No patent issued by the Patent Office (PTO) is secure and getting patents is time consuming and costly, especially for individuals. Far from securing patents, the PTO unsecures them under an unconstitutional presumption of validity and makes them tickets to federal courts. See The PTO is always under the leadership of global executives and this is the global's first line of defense of controlling the nation's intellectual property. For the individual inventor, without disparaging the capable examiners, the PTO is an organization under the absolute control of the globals, who also control the legislators who write the patent laws and appoint the PTO administrators provided by the globals. The global's second line of defense of controlling the nation's intellectual property are the federal courts where legislators write the laws and appoint the judges, all paid for by the globals. Once in court, individual inventors get slaughtered by the simple method of summary judgement of patent invalidity without being heard on their claims of infringement of their patents by the globals and their requests for jury trials. Only the globals are permitted this treatment. In effect, the federal courts are designed only to hear disputes between the globals. They are designed to crush inventors. See Wake up people, your patent system belongs to the globals.
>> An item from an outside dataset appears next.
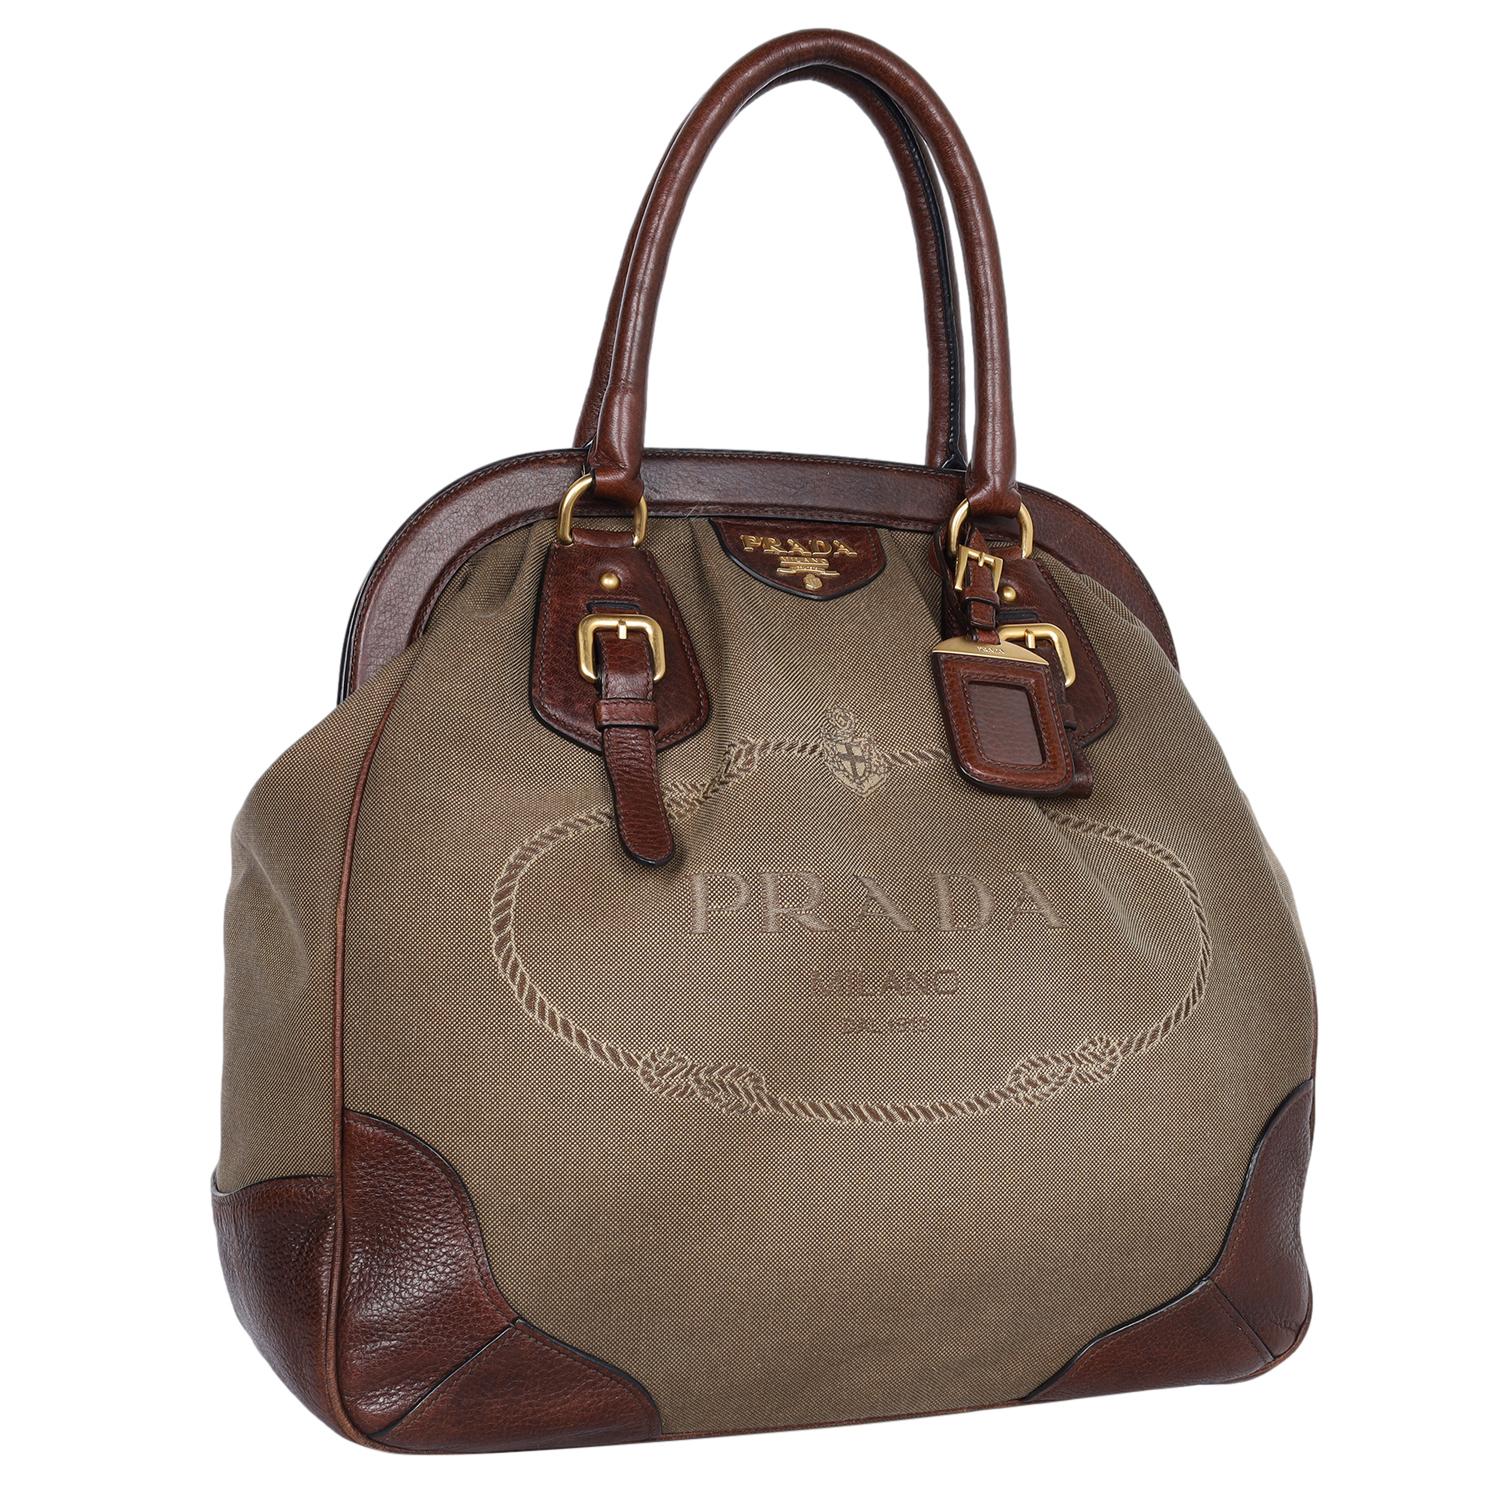 Authentic, pre-loved Prada brown canvas and leather shoulder bag. The refined look and durable construction define this smart Prada shoulder bag that can be your ideal pick for any season. Features leather rolled handles, canvas, and leather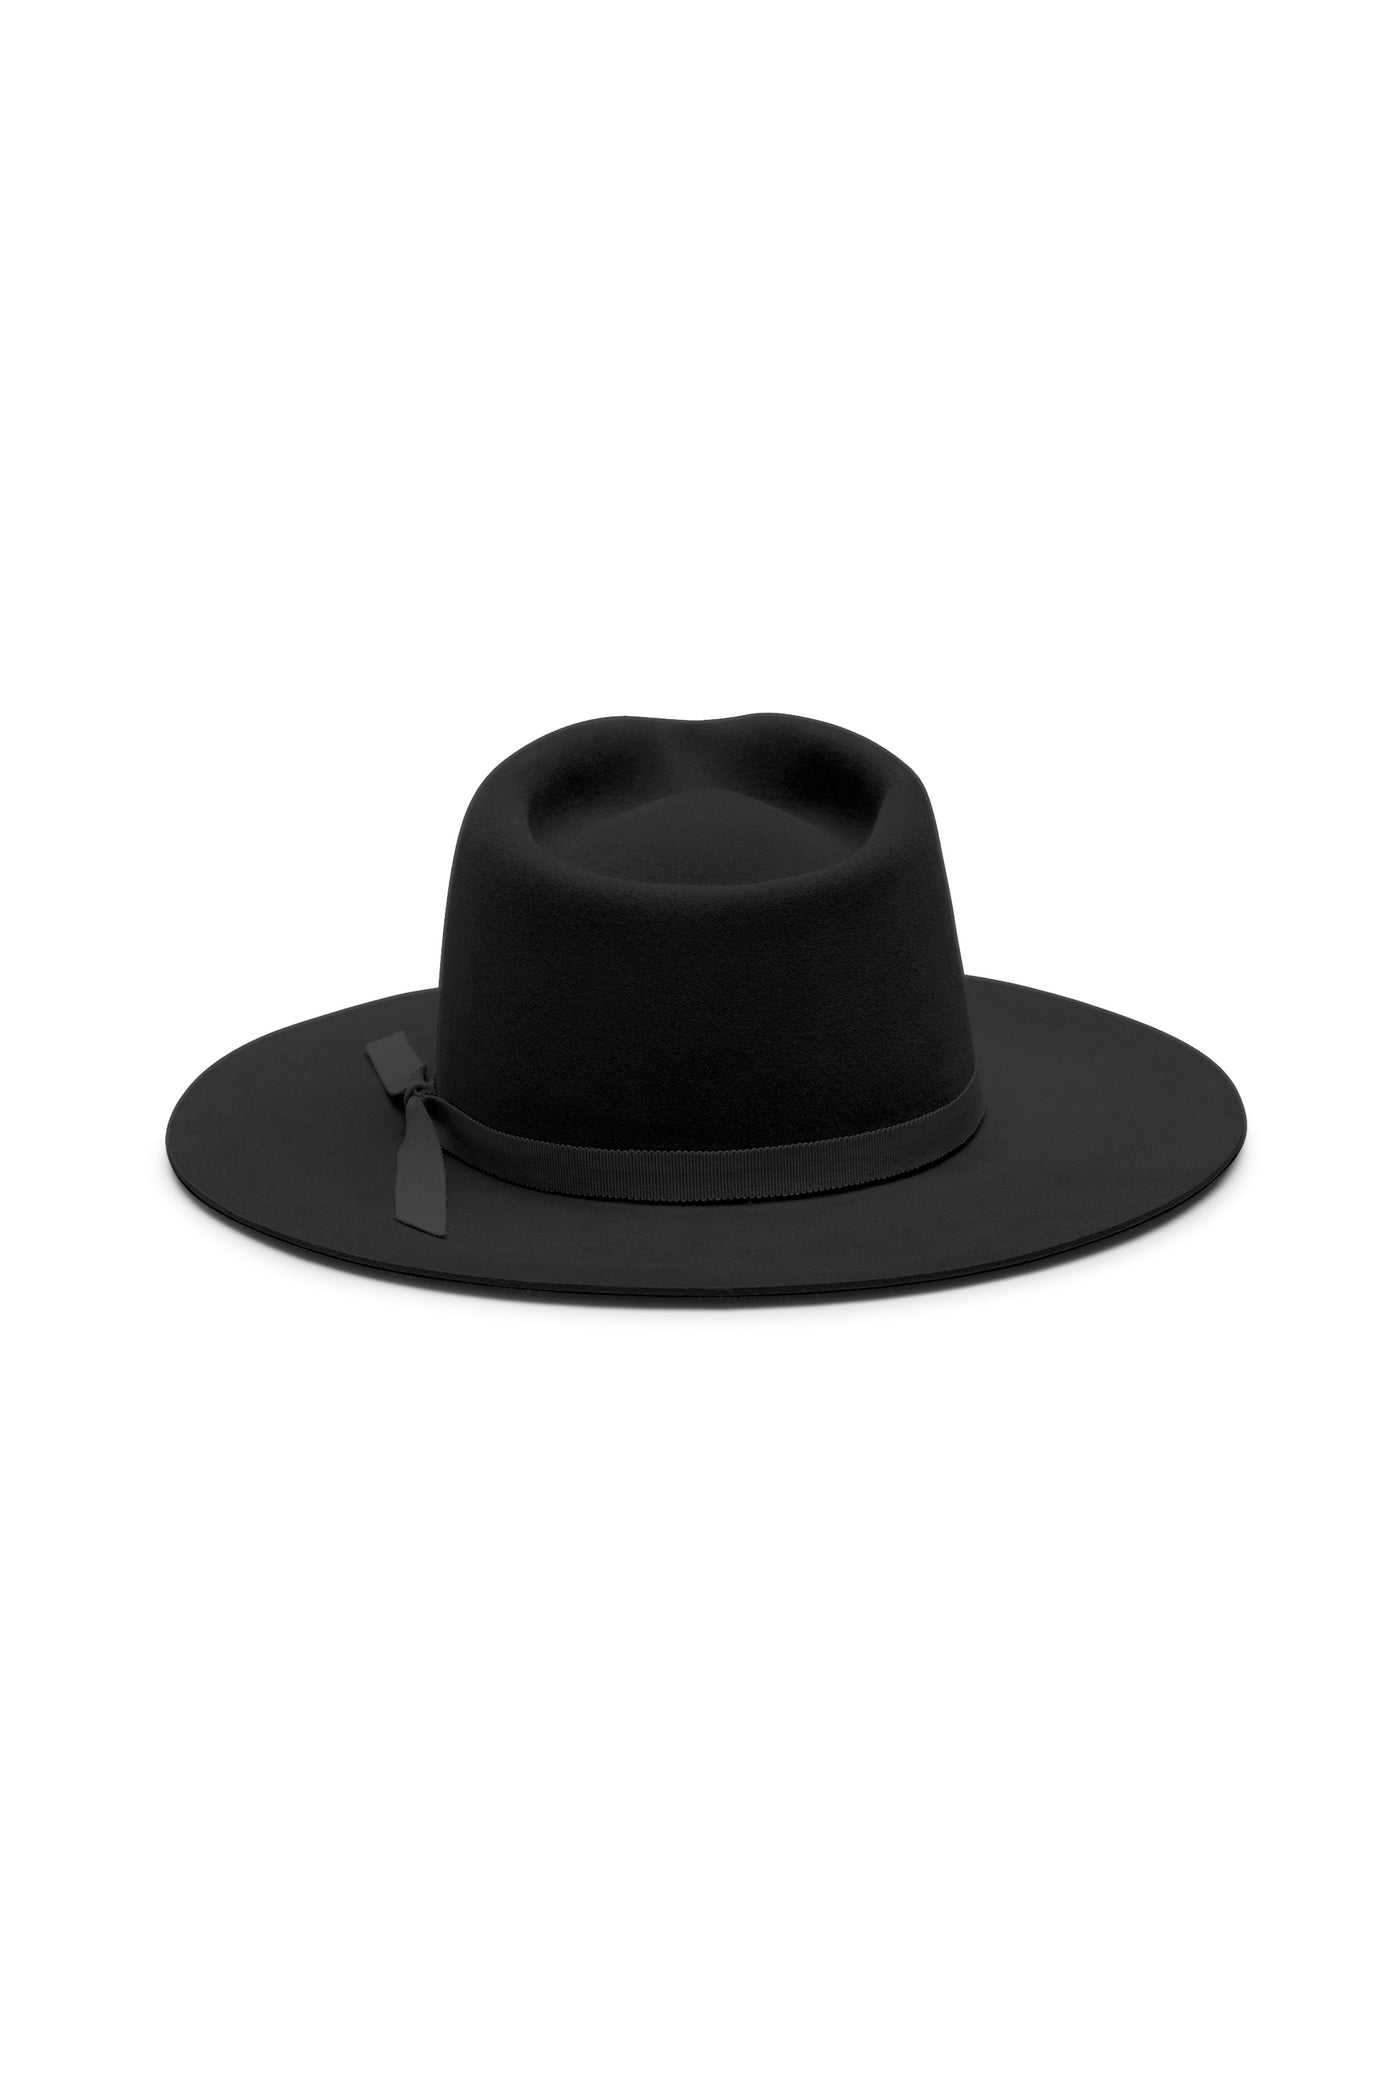 Black 100% fur felt fedora hat with a wide brim, black ribbon and tear drop crown. Unisex hat style in various sizes and colors. We ship worldwide. Shop now. Each SoonNoon hat is handmade with unique character in Stockholm, Sweden.

For example, consider U.S. Patent No. 3,950,635 issued to inventor James Constant. On summary judgement motions by 17 global corporations, the federal courts dutifully obliged by asking the global's hack attorneys to write up and then rubberstamping the facts and law. The Constant '635 patent was held invalid under 35 USC 102 (b) in view of the Allen and Westerfield article (A&W)1 and the Stalcup patent 2and further was held invalid under 35 USC 103 in view of the Springer article3.Constant v. Advanced Micro-Devices, Inc., (CAFC 88) 848 F.2d 1560, 7 USPQ2d 1057,1063, cert.den. 488 U.S. 892 (1988). However, a court's jurisdiction rests on the patent owner's claim of patent infringement and not on the alleged corporate infringer's defense of patent invalidity. Christianson v. Colt Industries (1988) 108 SCt 2166, 100 LEd2d 811. Had the inventor been heard on his claims of patent infringement, as required by Christianson, and proved that the global corporations were infringing his patents, the summary judgement would have been in his favor. As it stands, the courts arbitrarily decided the case without jurisdiction without giving the inventor his due right to be heard on his claims of infringement by the global corporations.